2018 Waterford Senior Hurling Championship
- Dates: 31 March 2018 – 7 October 2018
- Teams: 12
- Sponsor: J. J. Kavanagh & Sons
- Champions: Ballygunner (17th title) Stephen O'Keeffe (captain) Shane O'Sullivan (captain) Fergal Hartley (manager)
- Runners-up: Abbeyside Peter Queally (manager)
- Relegated: An Rinn

Tournament statistics
- Matches played: 32
- Top scorer(s): Pauric Mahony (2–66)

= 2018 Waterford Senior Hurling Championship =

Annual hurling competition season

The 2018 Waterford Senior Hurling Championship was the 118th staging of the Waterford Senior Hurling Championship since its establishment by the Waterford County Board.

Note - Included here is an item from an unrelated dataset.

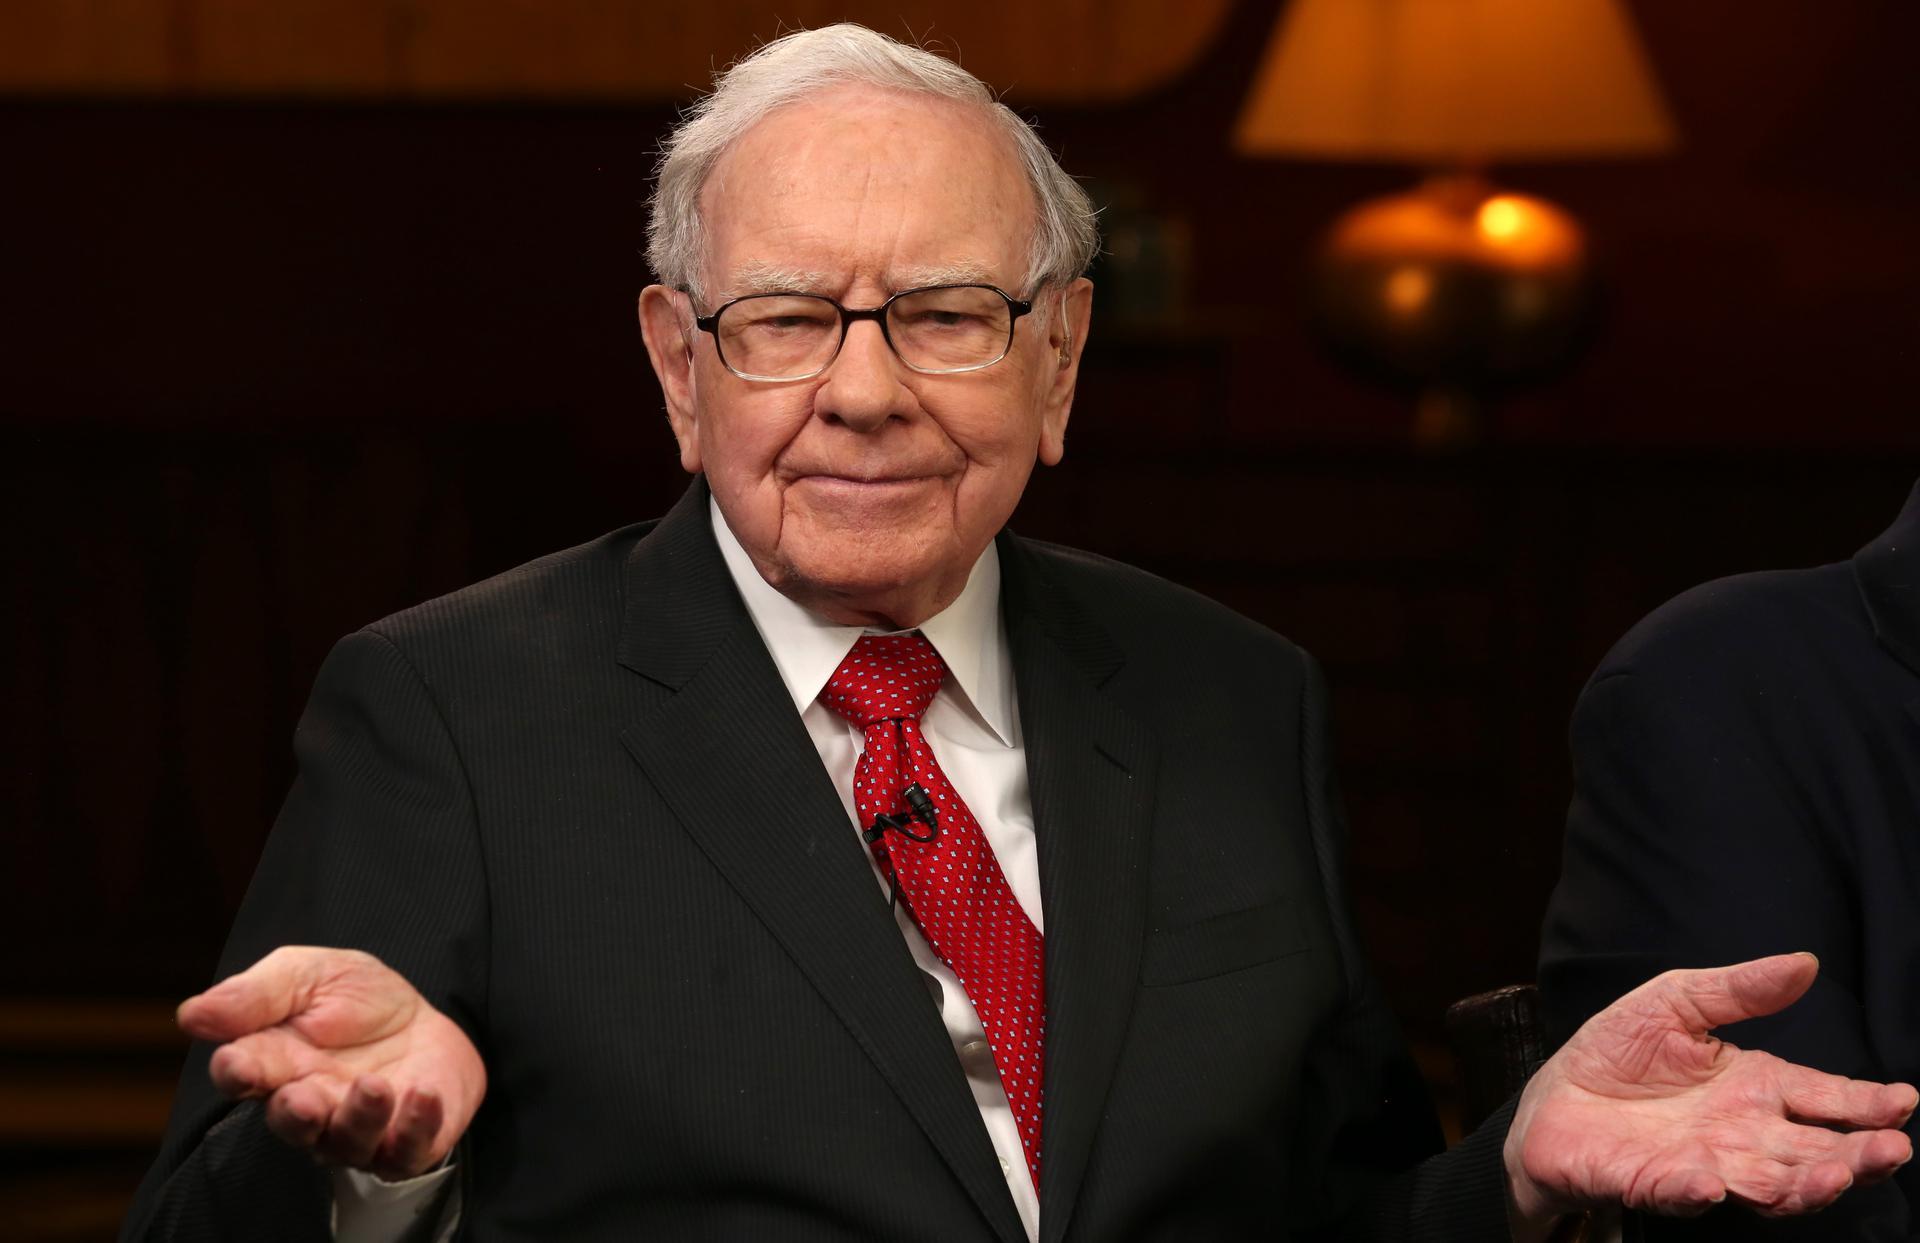 Warren Buffett in 2019. Photo: Gerard Miller | CNBC
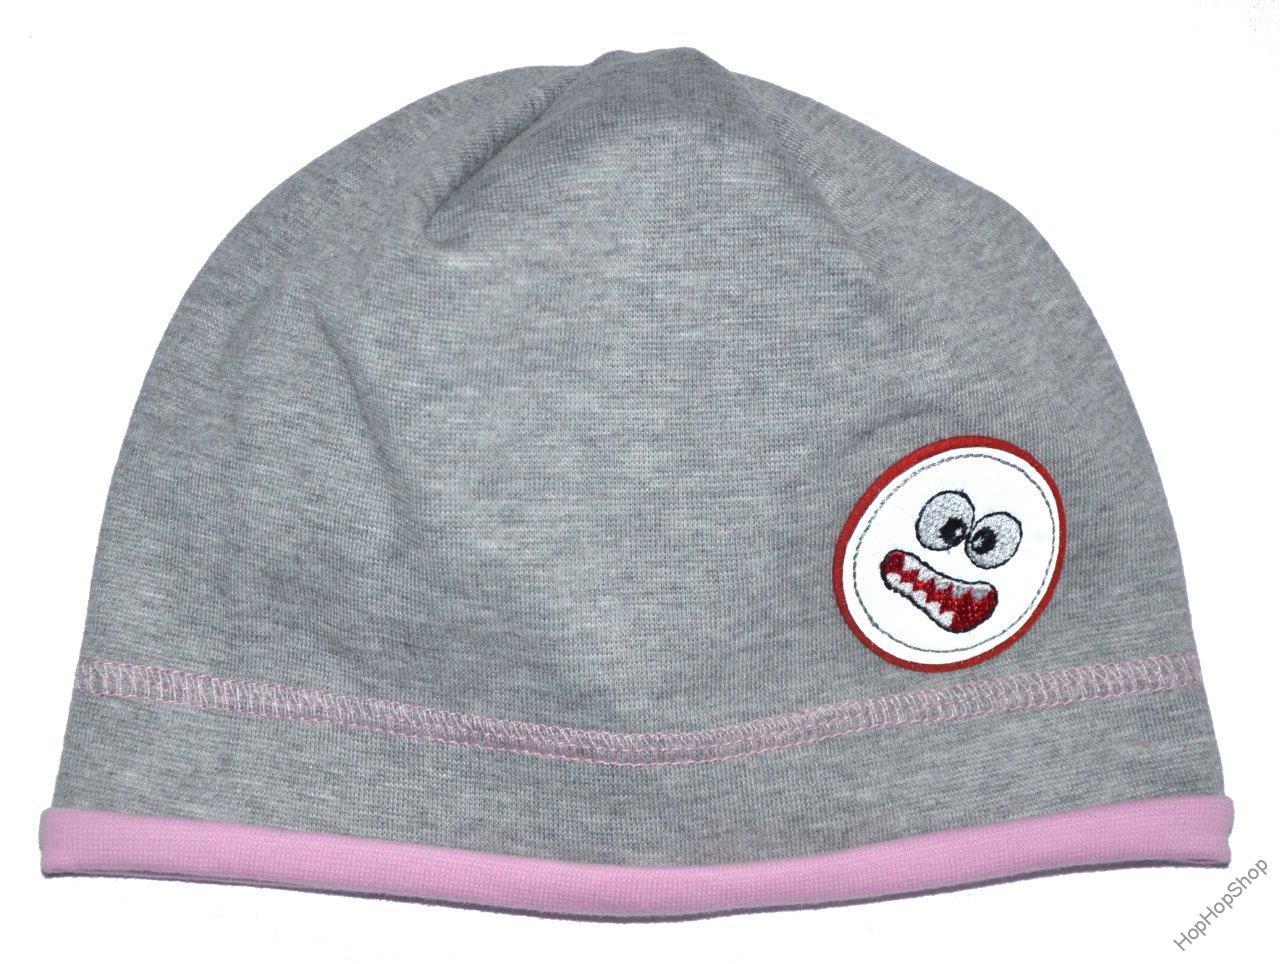 8fac576d5be Karpet Hugo 08 čepice bavlna šedá+růžová A

Ballygunner were the defending champions.

On 7 October 2018, Ballygunner won the championship after a 2–19 t 0–13 defeat of Abbeyside in the final. It was their 17th championship title overall and their fifth title in succession.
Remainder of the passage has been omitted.